Resample the input data.

Parameters:

data : np.ndarray or torch.Tensor

The input data with shape $(C, H, W, D)$ or $(H, W, D)$

affine : np.ndarray of shape (4, 4) or None, default=None

Affine transformation matrix of the input data in RAS format defining spacing/origin/direction of the input image (in mm). This is typically given by Nibabel in this format.

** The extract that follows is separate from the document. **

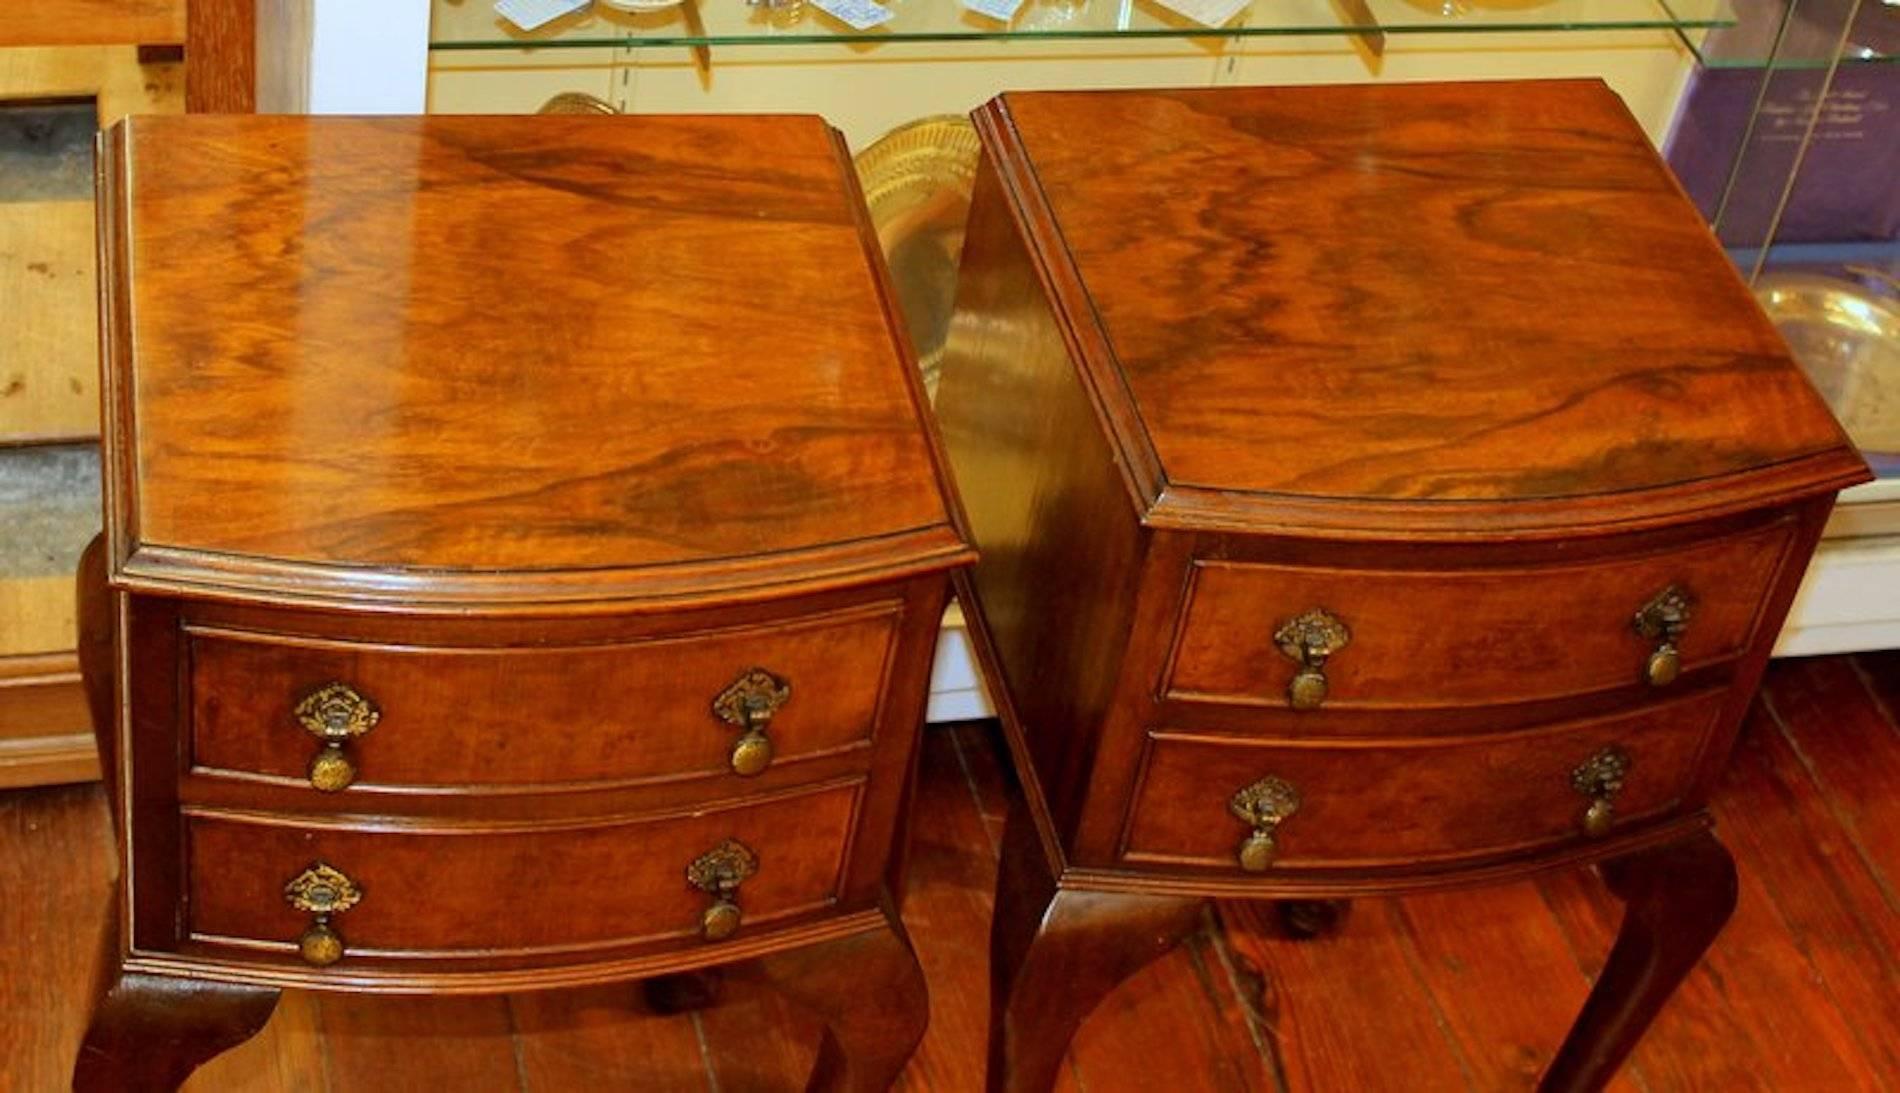 Pair of fine old English burr walnut Queen Anne style bedside or chairside tables with bookmatched burr walnut throughout standing upon cabriole legs. Original brass drop handles, circa 1920-1930.

If None, the identity matrix is used, assuming 1mm isotropic input spacing.

Returns:

data : np.ndarray or torch.Tensor

Resampled data with shape $(H', W', D')$ or $(C, H', W', D')$ and same type as input with $H' = \frac{s_h'}{s_h} H, W' = \frac{s_w'}{s_w} W, D' = \frac{s_d'}{s_d} D$ where $(s_h', s_w', s_d')$ and $(s_h, s_w, s_d)$ are input and output spacing (in mm) respectively.

static as_sitk(data: ndarray, affine: ndarray) → Image[source]¶: Convert the input data to a SimpleITK image.

static from_sitk(image: Image, dim: int) → ndarray[source]¶: Convert the SimpleITK image as numpy array.

static get_sitk_metadata_from_ras_affine(affine: ndarray)[source]¶: Get the metadata from the affine matrix in LPS format (ITK) from RAS format (Nibabel).